[[ Dataset content, beginning ]]

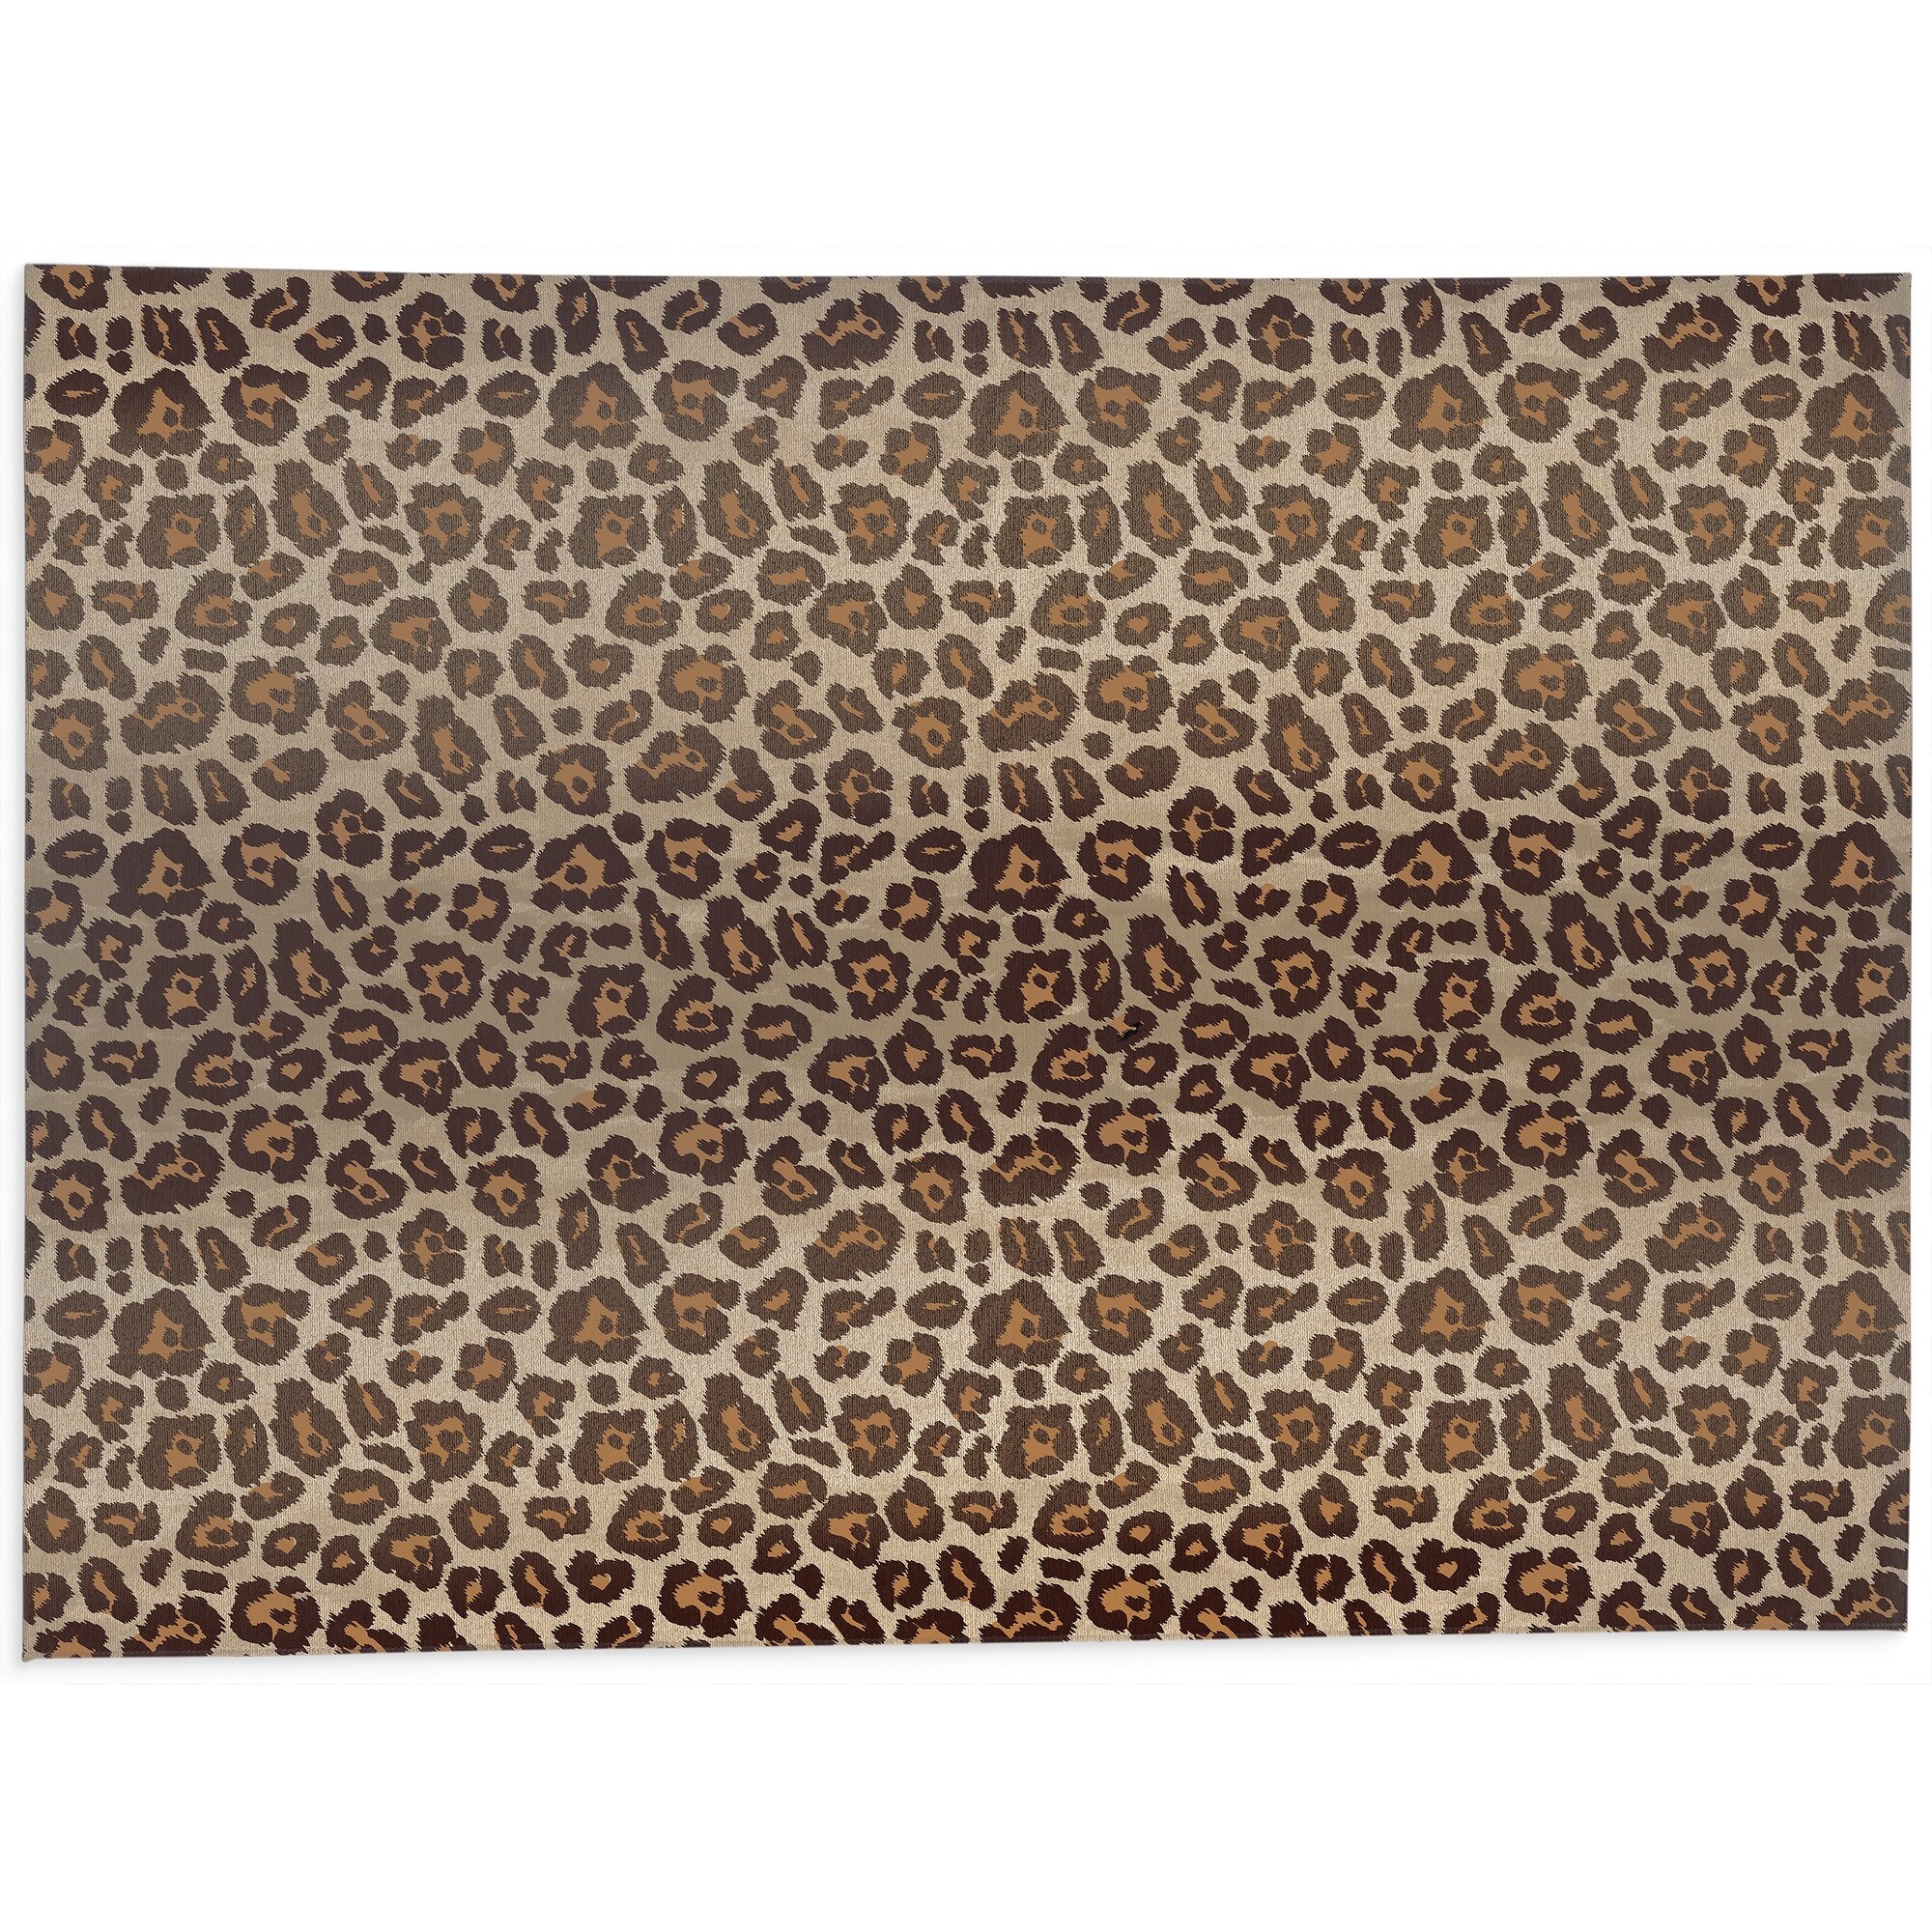 Leopard Cheetah Print Bathroom Rugs Soft Bath Mat Non Slip Absorbent Indoor  Floor Rug Kitchen Mats for Home Bedroom Decor, 31.5x19.5 Inches :  : Home
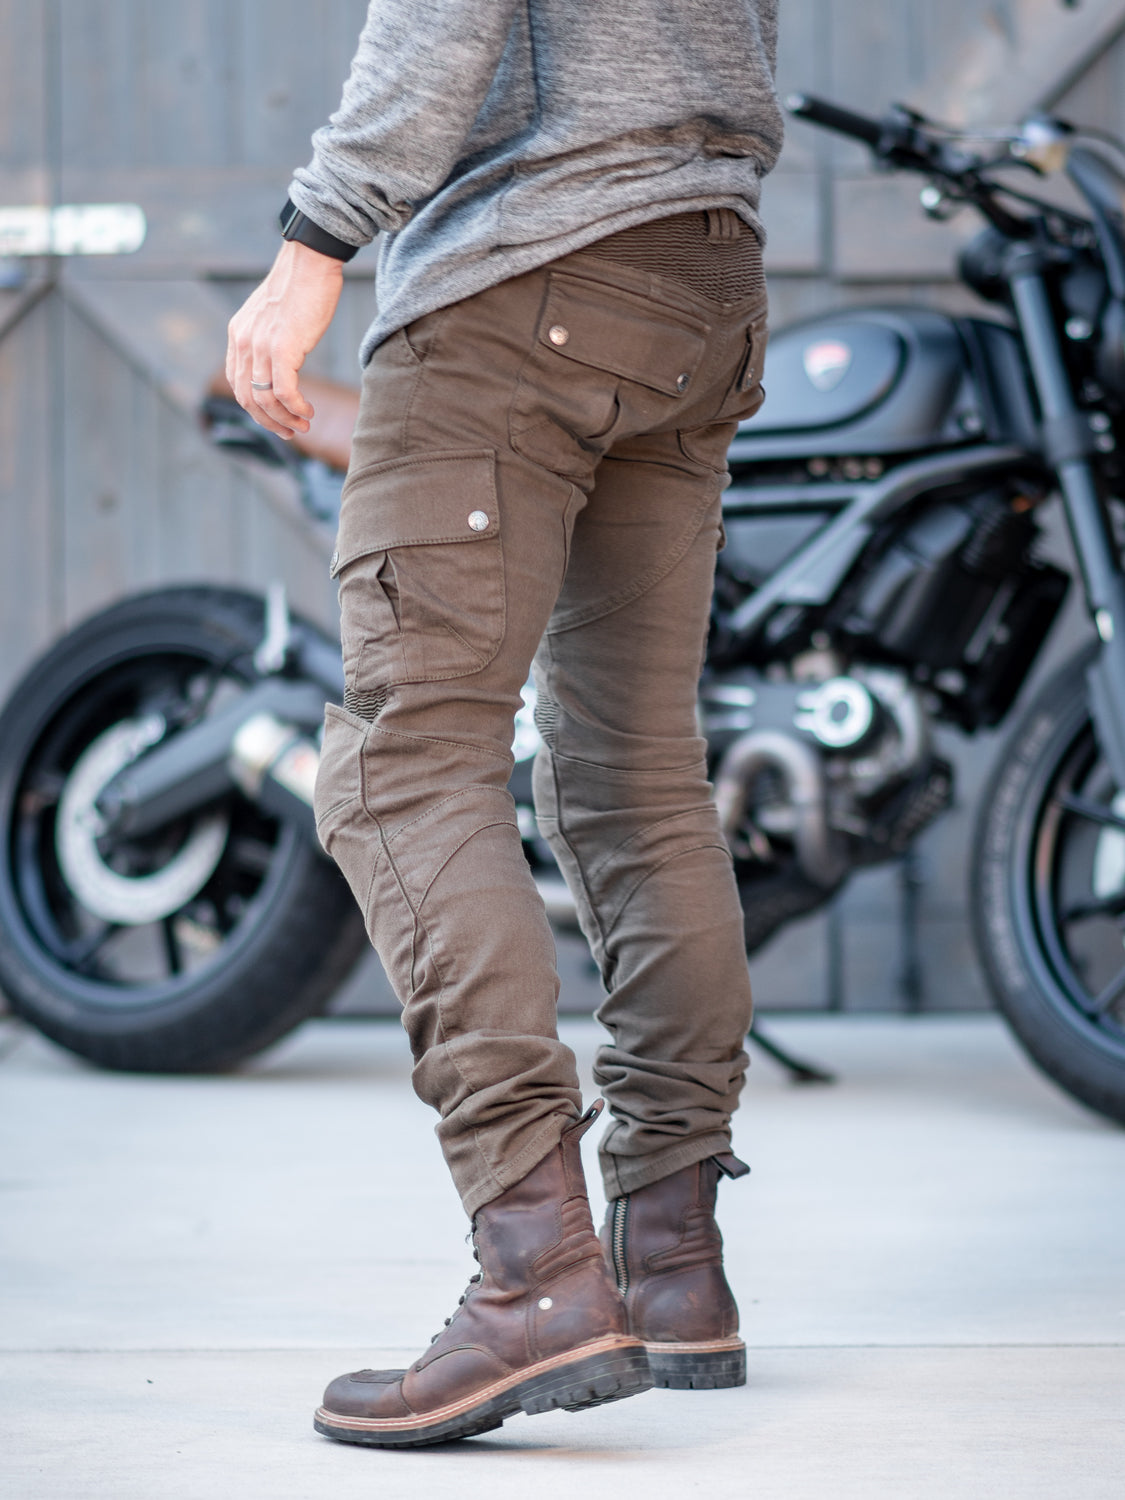 uglybros motorcycle jeans
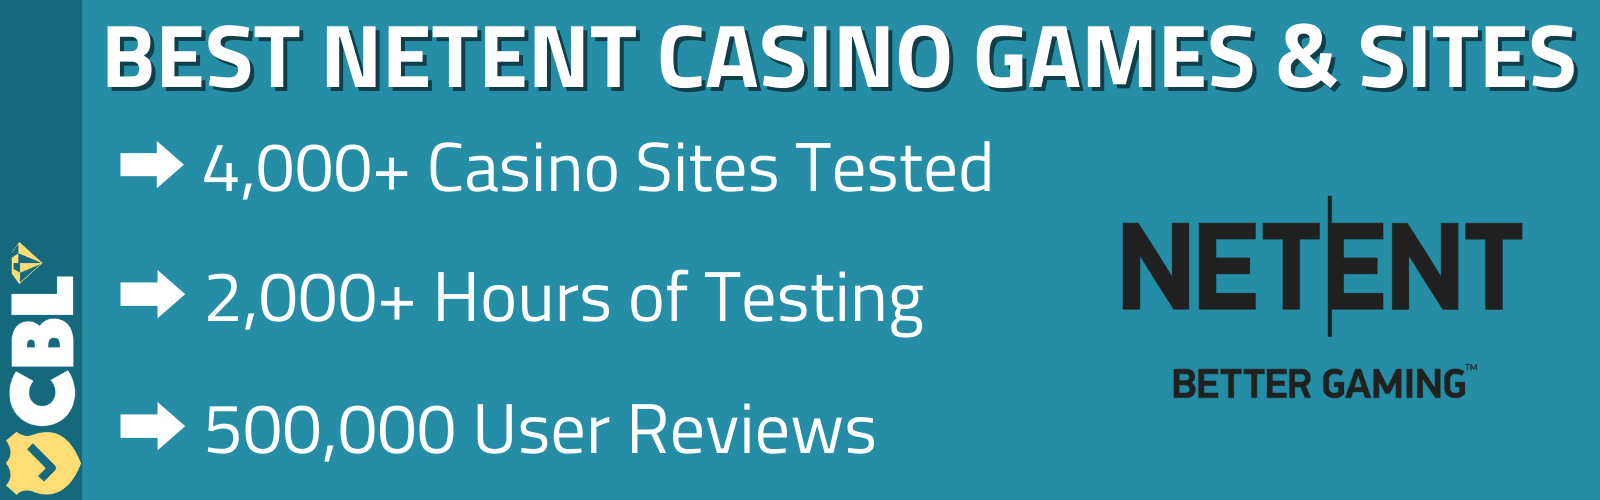 BEST NETENT CASINO GAMES & SITES
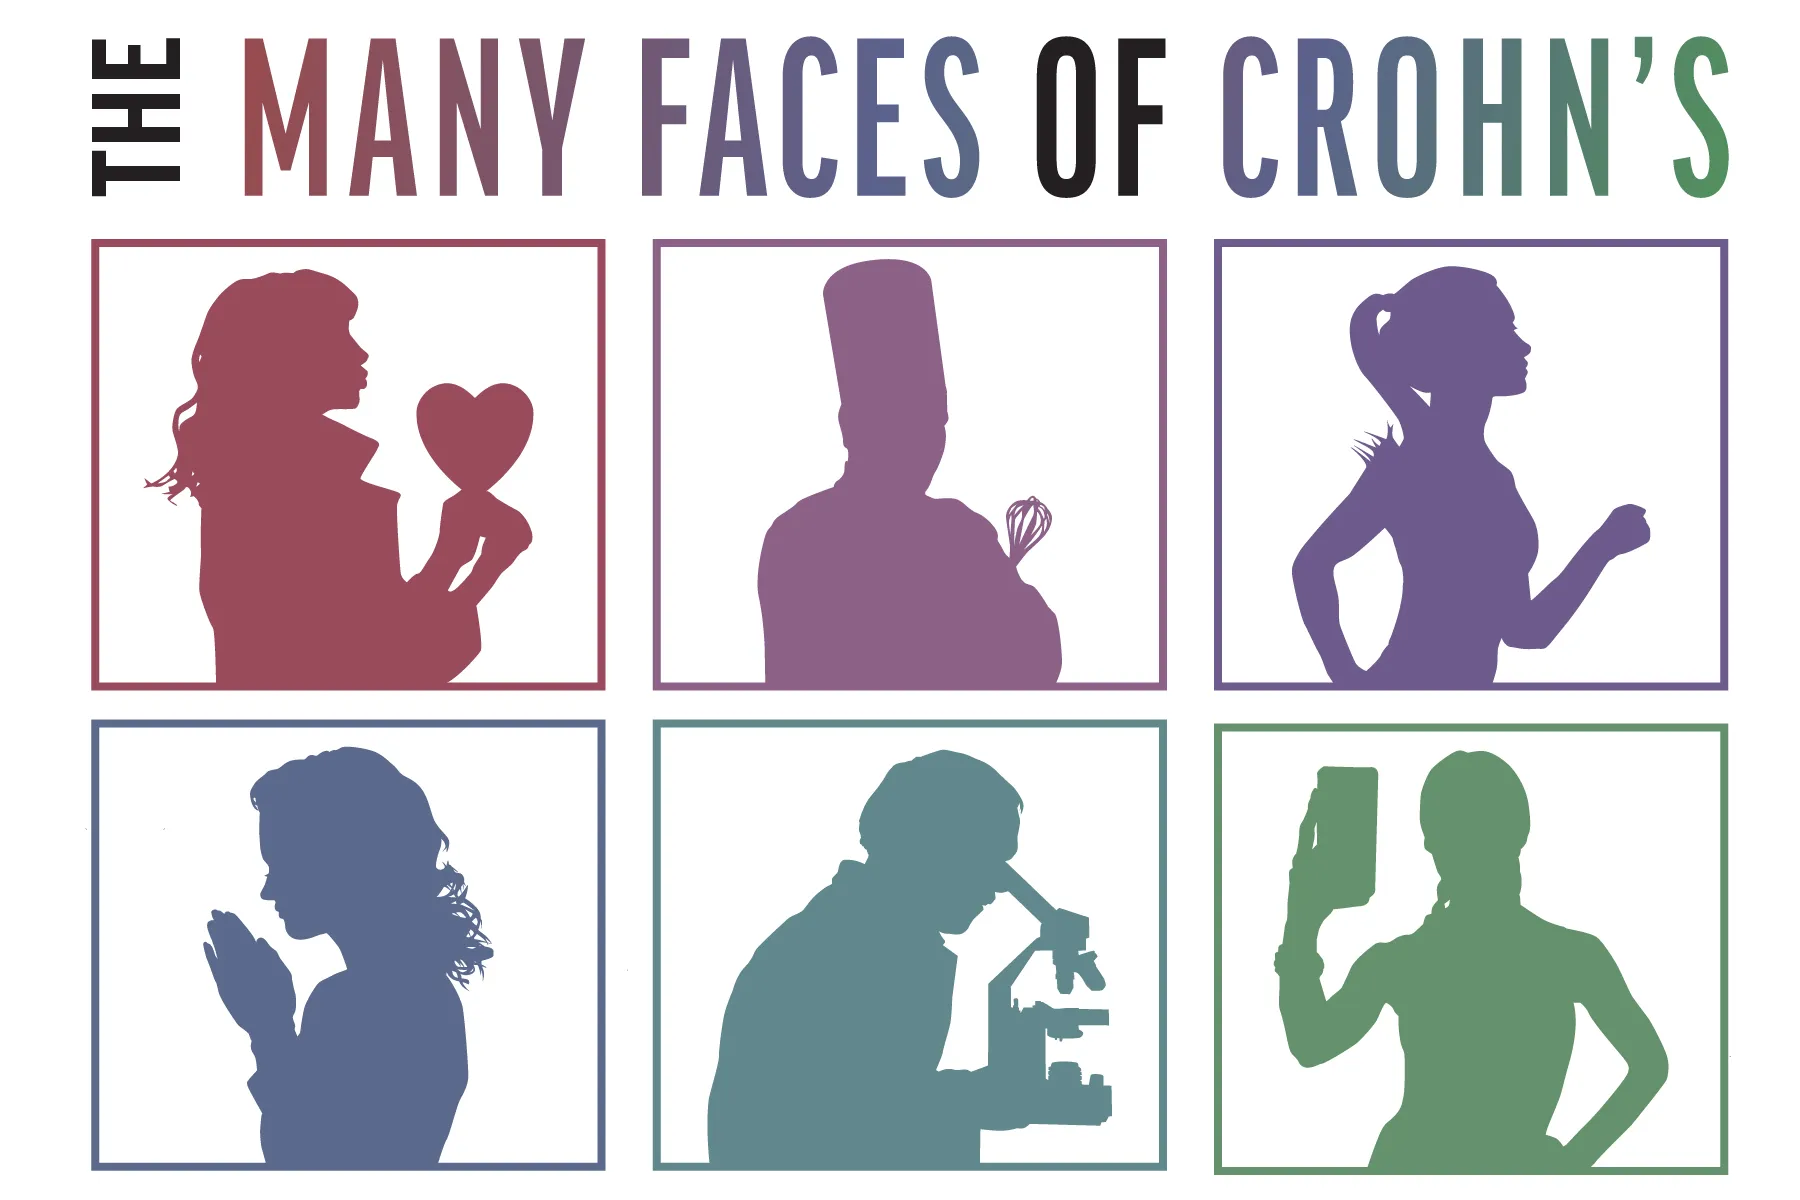 The Many Faces of Crohn’s

[[ Dataset content, end ]]

- [Work required]: Please print the line that contains "BEST NETENT CASINO GAMES & SITES" along with every later line of the material, exactly, through the last one. Leave pictures out of the copy.

- [Output for this exercise]:
 BEST NETENT CASINO GAMES & SITES
 The Many Faces of Crohn’s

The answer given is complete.